Part of this is the Dirt Gap: Blue State metropolises tend to be located on oceans or Great Lakes, preventing development outward in 360 degrees. Another part is the Scenery Gap: Los Angeles, for example, is surrounded by formidable mountains that take up a lot of space within reasonable commuting distance.
However, as Harvard’s Edward Glaeser and others have emphasized, high housing prices in slow-growing states also owe a lot to policies that sharply limit construction. Limits on building height in the cities, zoning that blocks denser development in the suburbs and other policies constrict housing on both coasts; meanwhile, looser regulation in the South has kept the supply of housing elastic and the cost of living low.So conservative complaints about excess regulation and intrusive government aren’t entirely wrong, but the secret of Sunbelt growth isn’t being nice to corporations and the 1 percent; it’s not getting in the way of middle- and working-class housing supply.
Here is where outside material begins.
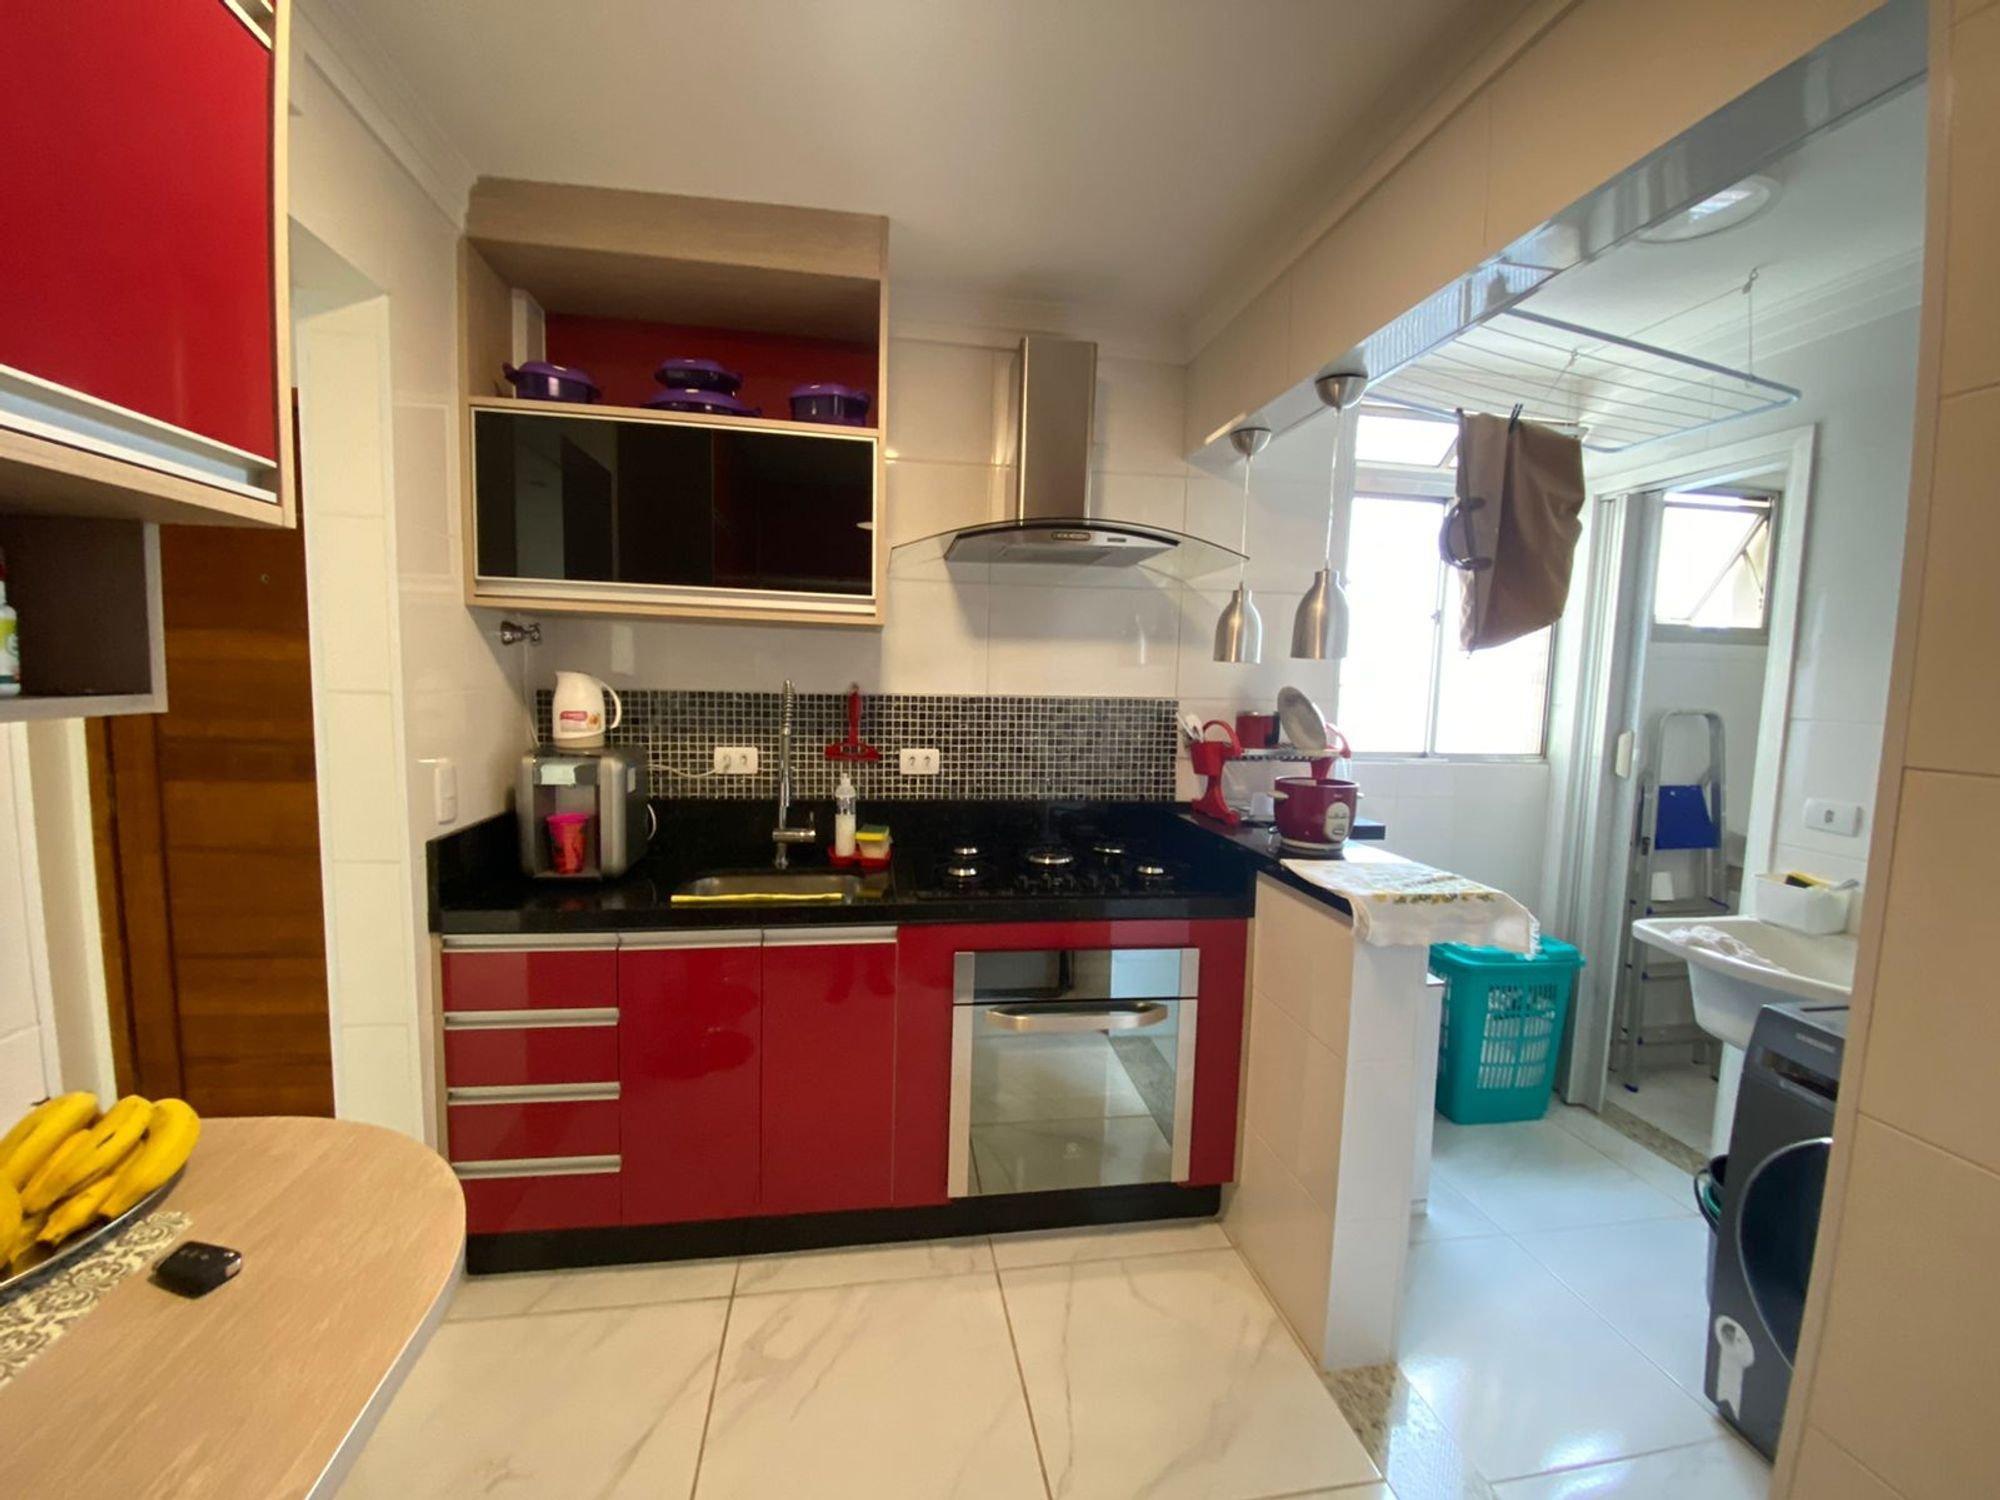 Foto de Cozinha com forno, pia, mesa de jantar

And this, in turn, means that the growth of the Sunbelt isn’t the kind of success story conservatives would have us believe. Yes, Americans are moving to places like Texas, but, in a fundamental sense, they’re moving the wrong way, leaving local economies where their productivity is high for destinations where it’s lower. And the way to make the country richer is to encourage them to move back, by making housing in dense, high-wage metropolitan areas more affordable.
So Rick Perry doesn’t know the secrets of job creation, or even of regional growth. It would be great to see the real key — affordable housing — become a national issue. But I don’t think Democrats are willing to nominate Mayor Bill de Blasio for president just yet.
Oh, boy …
Krugman acts as if restrictions of housing development in Blue States is just some minor oversight, readily rectified if only the Democrats could get into the White House and wrest power from the One Percent. Or something.
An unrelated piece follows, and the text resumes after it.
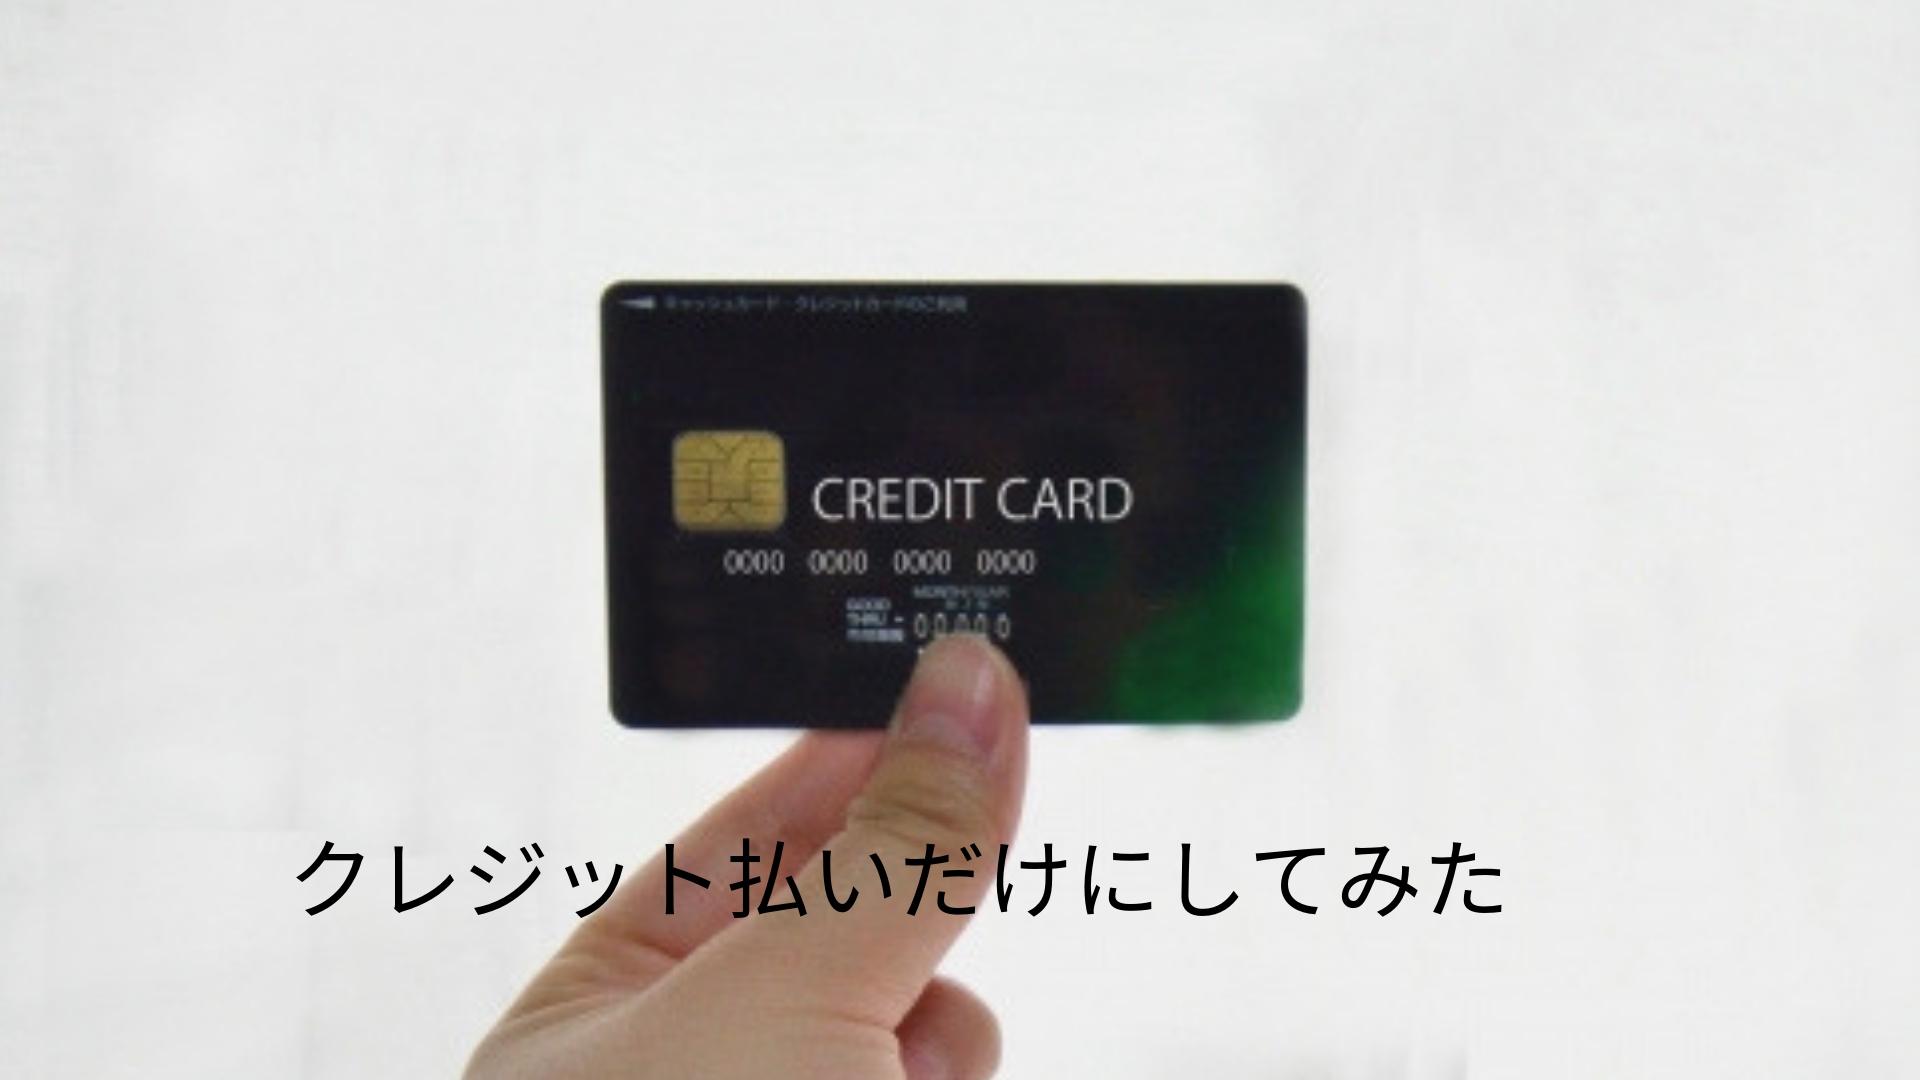 クレジットカード払いだけにしてみた

Where liberals really run things, like the Ivy League, the powers that be are constantly increasing freshman class sizes to make admission less elitist. Oh, wait, that’s not happening …
Look, practically the only people who are into this Ed Glaeser — Matt Yglesias idea of building Blade Runner-sized apartment blocks are Ed Glaeser and Matt Yglesias. Humans tend to imprint on the landscape where they lived at puberty and they both grew up in Manhattan landscape. De Blasio doesn’t want a million Texans moving to Manhattan, he just wants subsidized apartments in nice buildings for some politically connected voters.
But this anti-development strategy isn’t some inadvertent mistake, it’s the essence of contemporary liberalism: drive out Unsightly Average Americans (and replace them with Invisible Mestizos).